• [WHAT YOU NEED TO DO]
Both the line with "08 août 1968" and the line with "Shiro no Mokushiroku" in the records below must appear in the output, along with every line between them, exactly and with nothing added.

• [SUPPLIED RECORDS]
◇ ◇ ◇ ◇ ◇ ◇ ◇

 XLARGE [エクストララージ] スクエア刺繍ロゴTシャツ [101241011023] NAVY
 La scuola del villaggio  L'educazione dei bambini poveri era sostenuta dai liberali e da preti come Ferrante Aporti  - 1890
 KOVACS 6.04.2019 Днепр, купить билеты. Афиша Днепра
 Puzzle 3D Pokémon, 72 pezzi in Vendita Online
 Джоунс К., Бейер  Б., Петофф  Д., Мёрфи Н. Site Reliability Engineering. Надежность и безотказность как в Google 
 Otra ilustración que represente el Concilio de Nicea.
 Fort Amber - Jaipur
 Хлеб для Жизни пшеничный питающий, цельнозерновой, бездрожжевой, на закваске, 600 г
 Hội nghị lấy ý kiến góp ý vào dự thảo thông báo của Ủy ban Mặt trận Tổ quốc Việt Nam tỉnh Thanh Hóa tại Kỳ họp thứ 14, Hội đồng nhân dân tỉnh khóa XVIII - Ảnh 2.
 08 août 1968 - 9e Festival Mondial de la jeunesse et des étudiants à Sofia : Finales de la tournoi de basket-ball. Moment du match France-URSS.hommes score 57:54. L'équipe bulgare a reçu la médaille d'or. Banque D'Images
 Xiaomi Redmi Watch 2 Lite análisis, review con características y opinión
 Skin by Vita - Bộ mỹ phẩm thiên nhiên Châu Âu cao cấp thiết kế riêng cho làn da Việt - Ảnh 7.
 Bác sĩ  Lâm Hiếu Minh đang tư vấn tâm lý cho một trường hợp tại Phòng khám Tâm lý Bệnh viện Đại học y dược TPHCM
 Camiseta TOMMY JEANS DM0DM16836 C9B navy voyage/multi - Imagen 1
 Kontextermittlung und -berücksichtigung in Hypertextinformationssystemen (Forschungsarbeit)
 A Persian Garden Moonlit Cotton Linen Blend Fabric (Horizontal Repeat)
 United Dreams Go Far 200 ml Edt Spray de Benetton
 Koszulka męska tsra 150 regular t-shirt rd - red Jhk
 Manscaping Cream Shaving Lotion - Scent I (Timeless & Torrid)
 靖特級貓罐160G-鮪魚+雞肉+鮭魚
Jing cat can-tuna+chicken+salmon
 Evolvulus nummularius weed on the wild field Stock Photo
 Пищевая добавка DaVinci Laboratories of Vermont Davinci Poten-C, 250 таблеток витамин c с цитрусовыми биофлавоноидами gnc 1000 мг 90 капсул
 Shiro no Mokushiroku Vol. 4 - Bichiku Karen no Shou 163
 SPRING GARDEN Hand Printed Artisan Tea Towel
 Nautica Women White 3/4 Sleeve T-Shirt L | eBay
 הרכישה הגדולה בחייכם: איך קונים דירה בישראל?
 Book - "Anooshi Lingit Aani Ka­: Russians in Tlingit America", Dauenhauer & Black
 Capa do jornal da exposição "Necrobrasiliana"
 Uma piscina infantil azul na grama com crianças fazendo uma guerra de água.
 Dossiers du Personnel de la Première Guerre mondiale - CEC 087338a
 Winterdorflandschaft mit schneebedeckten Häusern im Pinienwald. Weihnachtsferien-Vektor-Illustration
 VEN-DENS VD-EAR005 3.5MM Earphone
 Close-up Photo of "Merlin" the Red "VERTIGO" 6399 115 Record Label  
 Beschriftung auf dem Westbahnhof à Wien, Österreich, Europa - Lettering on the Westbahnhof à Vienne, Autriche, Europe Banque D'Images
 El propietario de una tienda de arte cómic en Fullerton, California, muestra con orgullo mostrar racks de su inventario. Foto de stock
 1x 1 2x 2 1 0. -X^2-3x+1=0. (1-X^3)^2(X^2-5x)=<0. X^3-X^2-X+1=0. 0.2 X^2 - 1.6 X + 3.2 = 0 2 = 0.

◇ ◇ ◇ ◇ ◇ ◇ ◇

• [EXERCISE ANSWER]
 08 août 1968 - 9e Festival Mondial de la jeunesse et des étudiants à Sofia : Finales de la tournoi de basket-ball. Moment du match France-URSS.hommes score 57:54. L'équipe bulgare a reçu la médaille d'or. Banque D'Images
 Xiaomi Redmi Watch 2 Lite análisis, review con características y opinión
 Skin by Vita - Bộ mỹ phẩm thiên nhiên Châu Âu cao cấp thiết kế riêng cho làn da Việt - Ảnh 7.
 Bác sĩ  Lâm Hiếu Minh đang tư vấn tâm lý cho một trường hợp tại Phòng khám Tâm lý Bệnh viện Đại học y dược TPHCM
 Camiseta TOMMY JEANS DM0DM16836 C9B navy voyage/multi - Imagen 1
 Kontextermittlung und -berücksichtigung in Hypertextinformationssystemen (Forschungsarbeit)
 A Persian Garden Moonlit Cotton Linen Blend Fabric (Horizontal Repeat)
 United Dreams Go Far 200 ml Edt Spray de Benetton
 Koszulka męska tsra 150 regular t-shirt rd - red Jhk
 Manscaping Cream Shaving Lotion - Scent I (Timeless & Torrid)
 靖特級貓罐160G-鮪魚+雞肉+鮭魚
Jing cat can-tuna+chicken+salmon
 Evolvulus nummularius weed on the wild field Stock Photo
 Пищевая добавка DaVinci Laboratories of Vermont Davinci Poten-C, 250 таблеток витамин c с цитрусовыми биофлавоноидами gnc 1000 мг 90 капсул
 Shiro no Mokushiroku Vol. 4 - Bichiku Karen no Shou 163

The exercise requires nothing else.